§ Extracted material
--- START ---

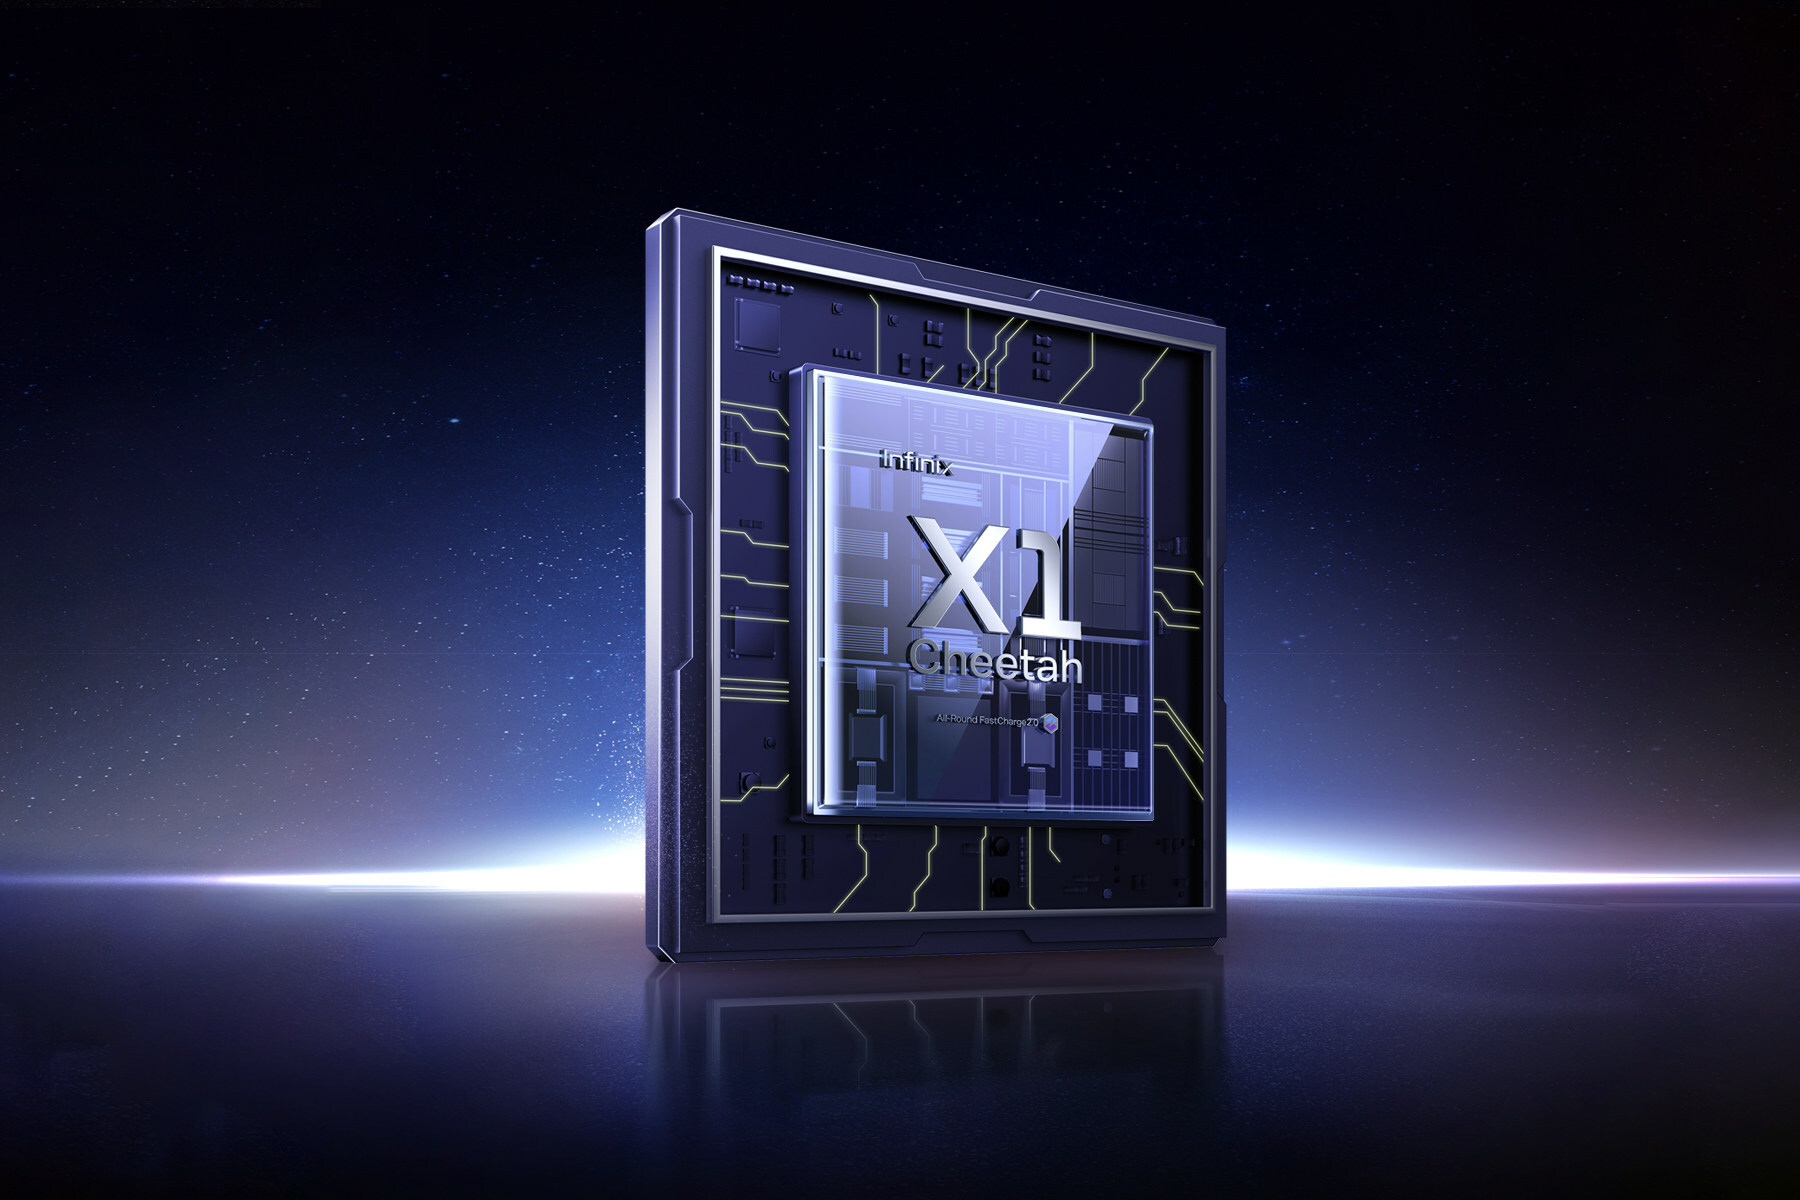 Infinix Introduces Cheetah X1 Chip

--- END ---
--- START ---

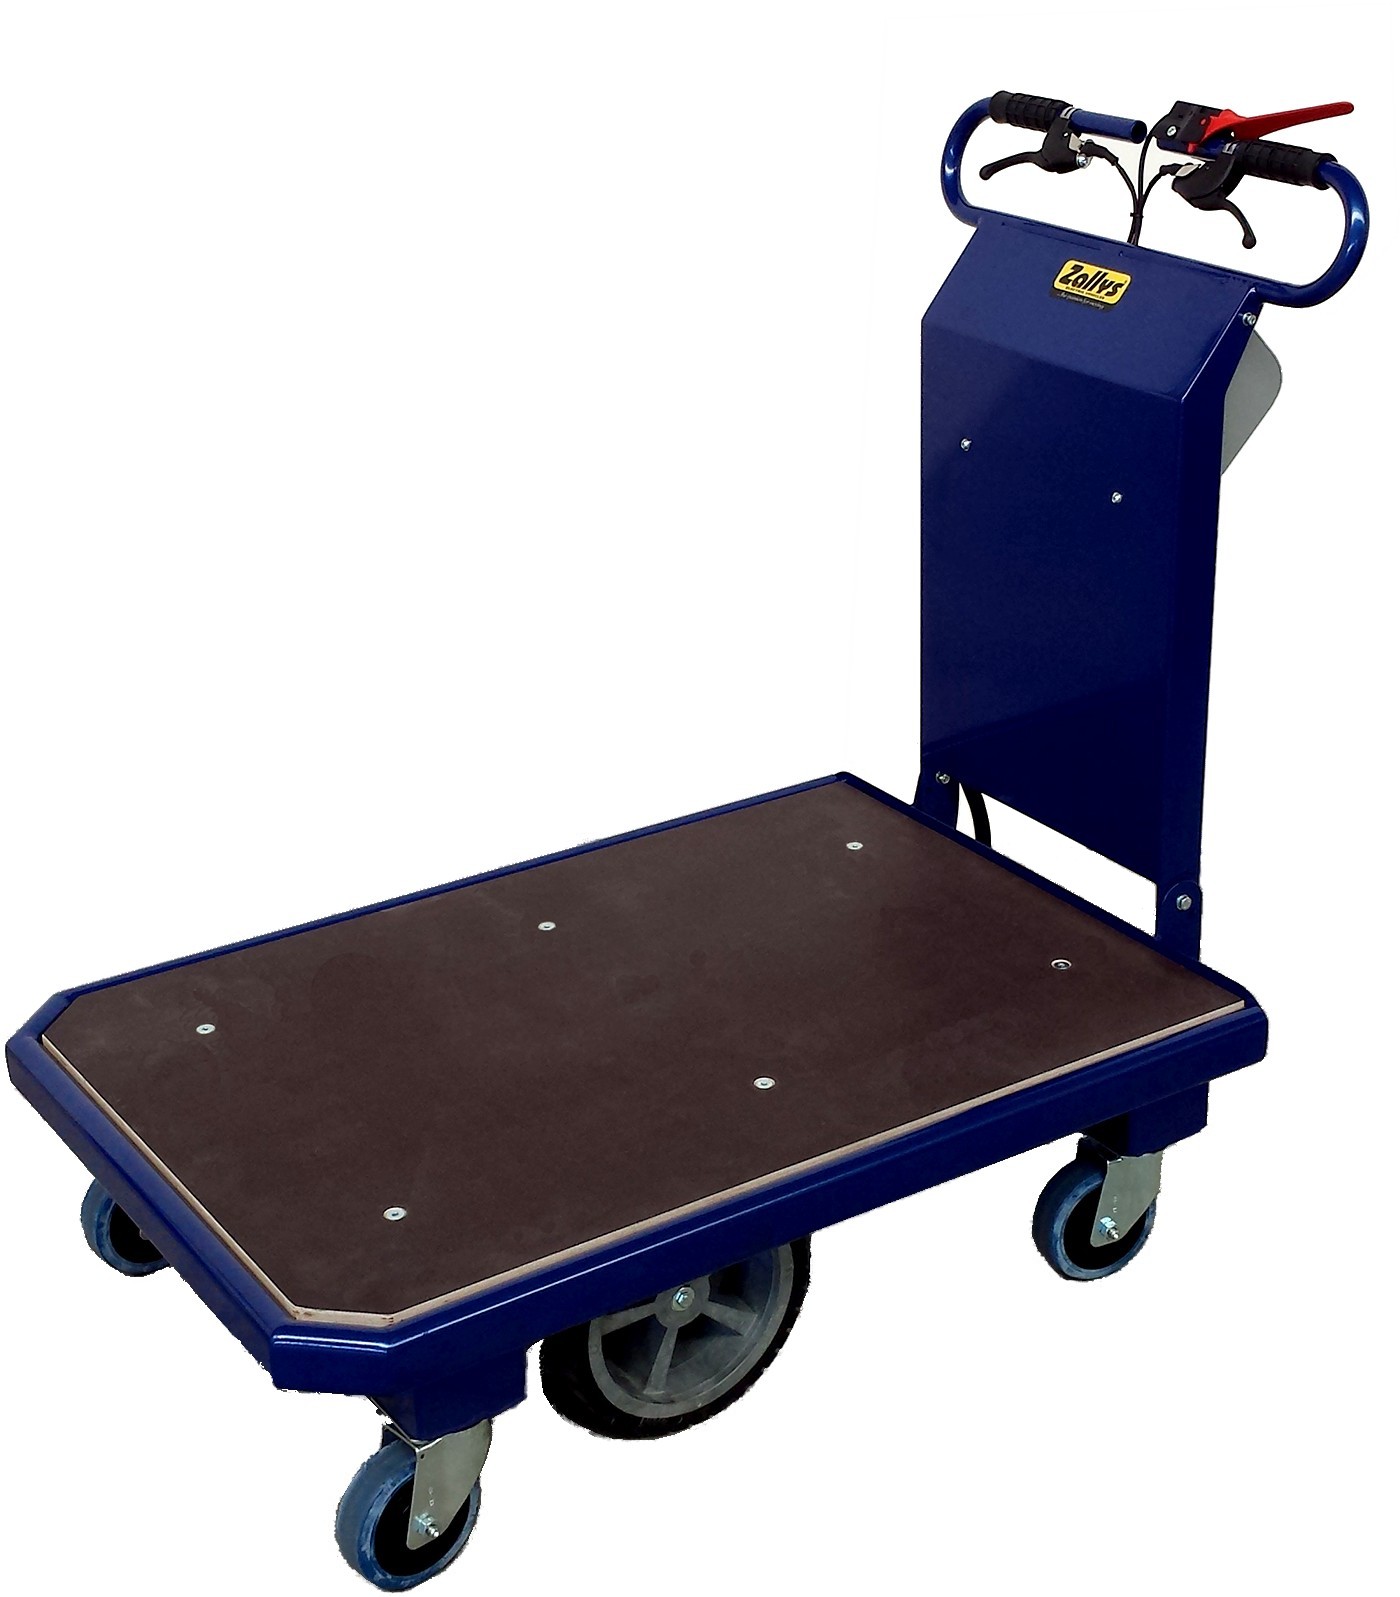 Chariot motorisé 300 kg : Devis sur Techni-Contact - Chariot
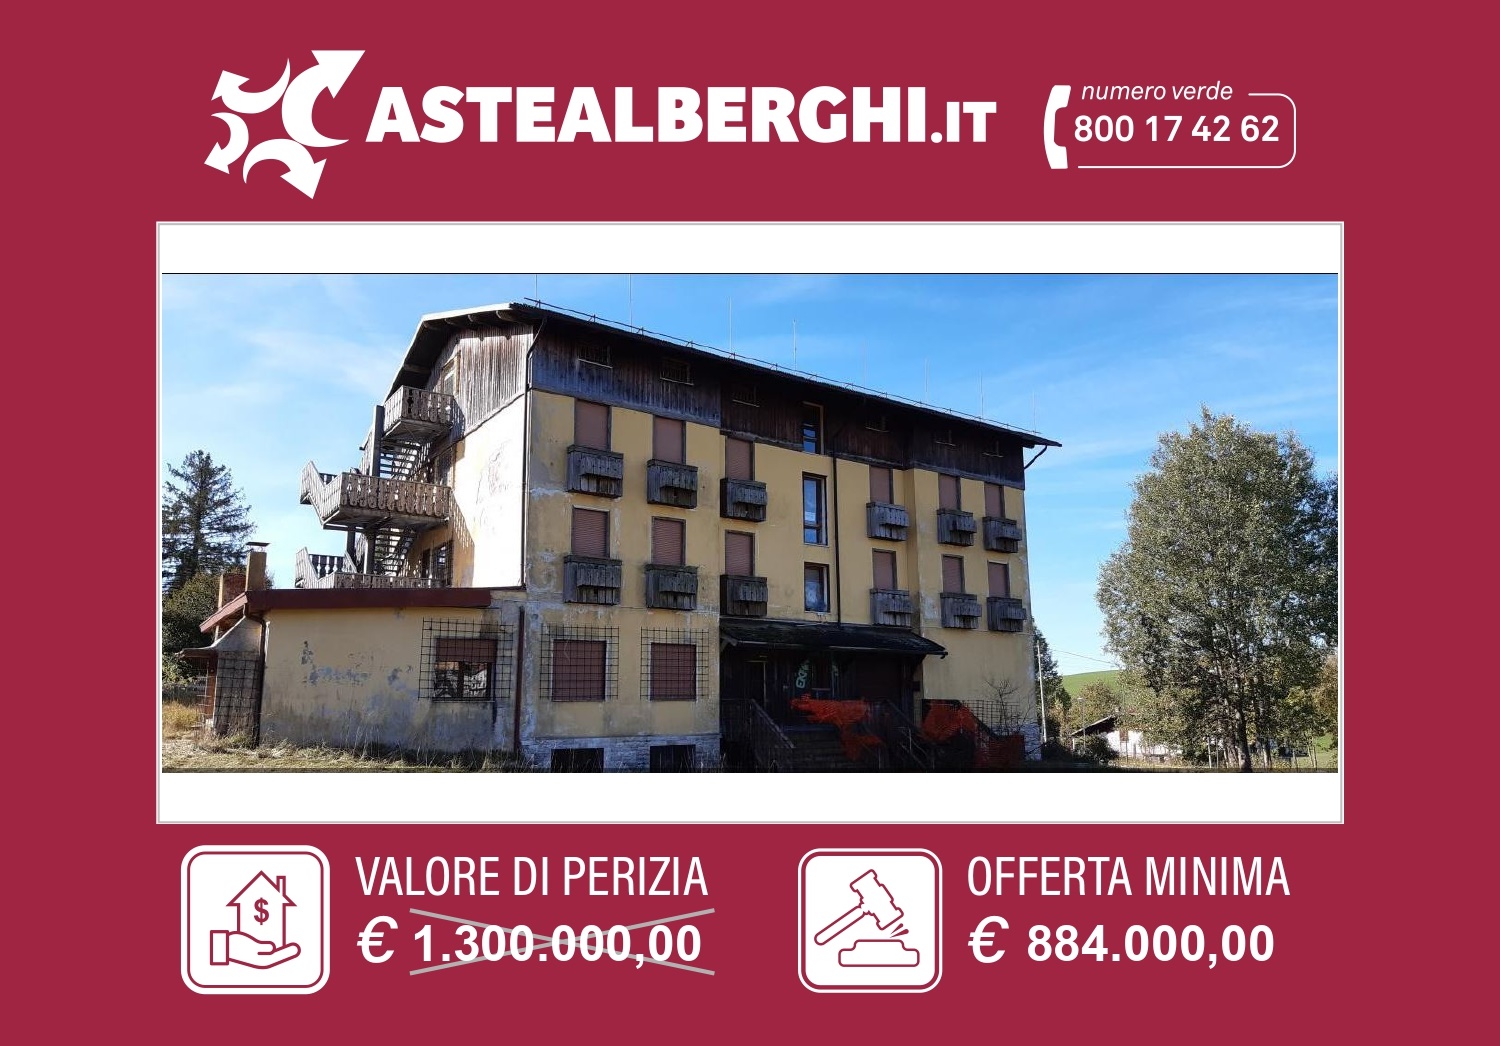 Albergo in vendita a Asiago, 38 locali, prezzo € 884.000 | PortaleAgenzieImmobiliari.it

--- END ---

§ Assigned task
Reproduce the listing above exactly from the line containing "Chariot motorisé 300" up to and including the line containing "Albergo in vendita", omitting any images and everything outside those lines.

§ Task response
 Chariot motorisé 300 kg : Devis sur Techni-Contact - Chariot
 Albergo in vendita a Asiago, 38 locali, prezzo € 884.000 | PortaleAgenzieImmobiliari.it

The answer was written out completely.